この誤解が、レストランの隅の空気を、一時、非常に気まずいものにした。
─ (•ө•) ─
クスマが必死に言い訳を考えて、その場からずらかる口実を探していると、レストランの入り口から騒がしい足音と怒号が聞こえてきた。
「どこだ!さっきうちの若様をやった奴らはどこにいる!」
先ほど逃げ帰った手下二人が、今度は七、八人の、より厄介そうなたたずまいの助っ人を連れて、意気揚々と戻ってきた。
彼らの視線がレストランの中をさっと見渡し、すぐに、まだ逃げ遅れたクスマと、地面に倒れて動けないふゆこにロックオンされた。
「あいつらだ!一人が主犯で、もう一人が共犯だ!一人も逃がすな!」
クスマは心の中で「まずい」と呟いた。彼自身、一人相手にするのも骨が折れるのに、今度は大勢で来られた。ふゆこはお尻が痛い状態で……まともにやり合えば死ぬしかない。
「逃げるぞ!」
危機を前に、クスマの「趨利避害(すうりひがい、利益を求め害を避ける)」の本能が瞬時に作動した。彼はもはや一切躊躇せず、まだ弱っているふゆこの腕を掴むと、レストランの裏口に向かって駆け出した。
「逃げる気か?追え!」
背後から追っ手が迫る。クスマはどこで高度な体術など学んだわけでもなく、ただ「絶対に捕まってたまるか」という強烈な生存本能だけで、王都の裏路地でドタバタの大逃走劇を開始した。

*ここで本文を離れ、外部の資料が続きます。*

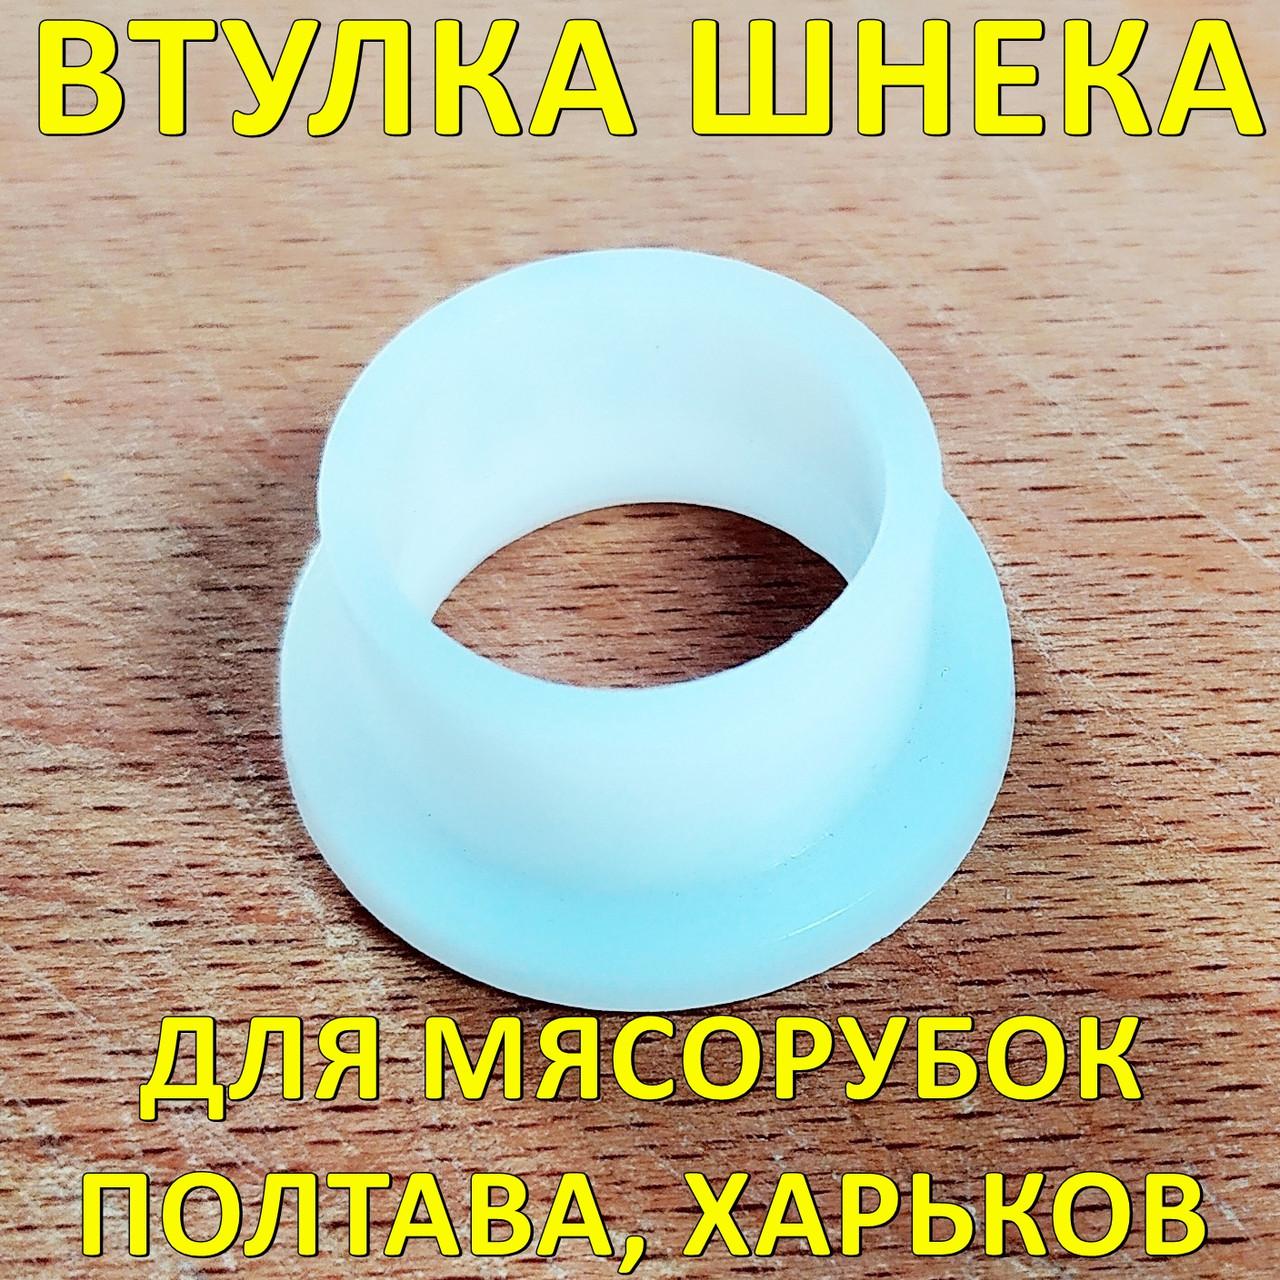 Втулка шнека на ручную мясорубку Полтава, Харьков.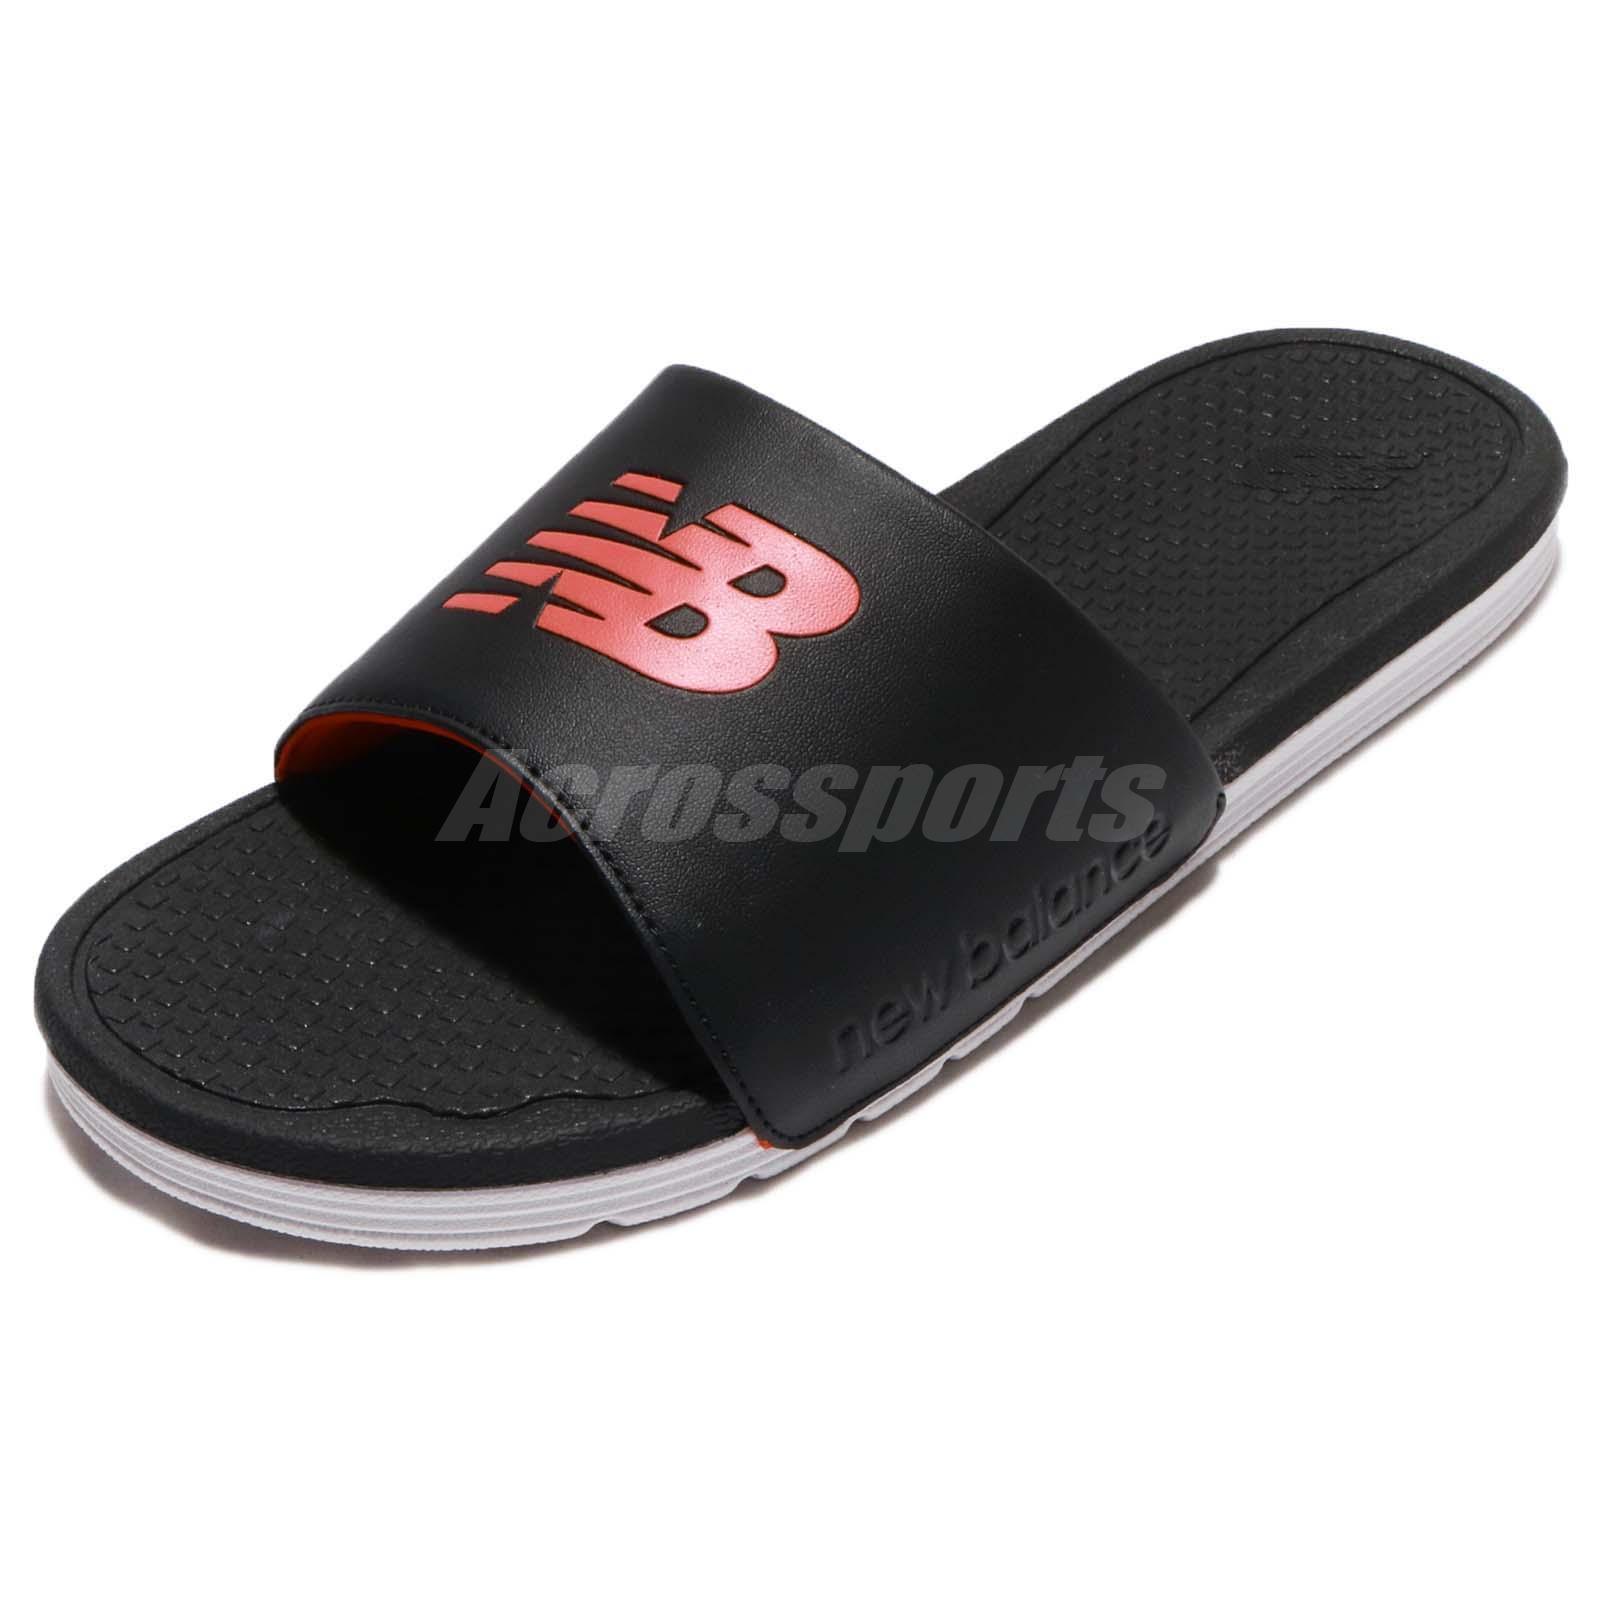 d66fe2717e9b4 ... discount code for new balance m3068bwd d black red white sports sandal  slides slippers m3068bwdd 379dd

彼は時に急ぎすぎて足元の木箱に躓いて転び、時に道に迷って行き止まりに突っ込んでは、手足を使って壁をよじ登り、時には道端のゴミ箱を掴んでは、考えもなしに後ろへ放り投げた。誰にも当たらなかったが、大きな音と混乱を生み出すことには成功し、追っ手の足をわずかに遅らせた。
ふゆこは彼に引かれながら、自分自身が制御を失った凧に結び付けられた人形のようだと感じ、上下に揺さぶられた。
彼女はクスマの後ろ姿を見つめた——彼が、あの全く予測不能で、型にはまらず、甚だしきに至っては格好悪いとさえ言える姿勢で、何度も何度も絶境の中で、最も馬鹿げた方法で追っ手を振り切るのを見ていた。
彼女の崇拝フィルターのかかった目には、その全てが別のものとして映っていた。
(す、すごい……!彼の一挙手一投足は、これほどまでに意表を突き、敵に全く予測させない!これが伝説の、質朴の極致に至り、大いなる技巧はかえって無技巧に見えるという、最高の境地なの……?こんな……こんな逃……いえ、「戦略的転移」の技術まで、神業の域にあるなんて!)
ついに、民家の屋根から無様に転がり落ちた後、二人は廃墟と化した倉庫に逃げ込み、完全に追っ手を振り切った。
ふゆこは息を切らしていたが、その顔に疲労の色はなく、むしろ極度の興奮と崇拜に満ちていた。彼女はクスマを見て、感激した様子で言った。
「あ、あなた……先ほどの体術は何ですか?まさに神業です!どうか……どうか私に教えてください!」
彼女は一歩前に進み、深くお辞儀をし、ありったけの力で、ずっと考えていた呼び名を叫んだ。
「師匠!」
クスマは目の前で目をキラキラさせ、一方的に弟子入りを済ませた少女を見て、笑うに笑えず、泣くに泣けない顔になった。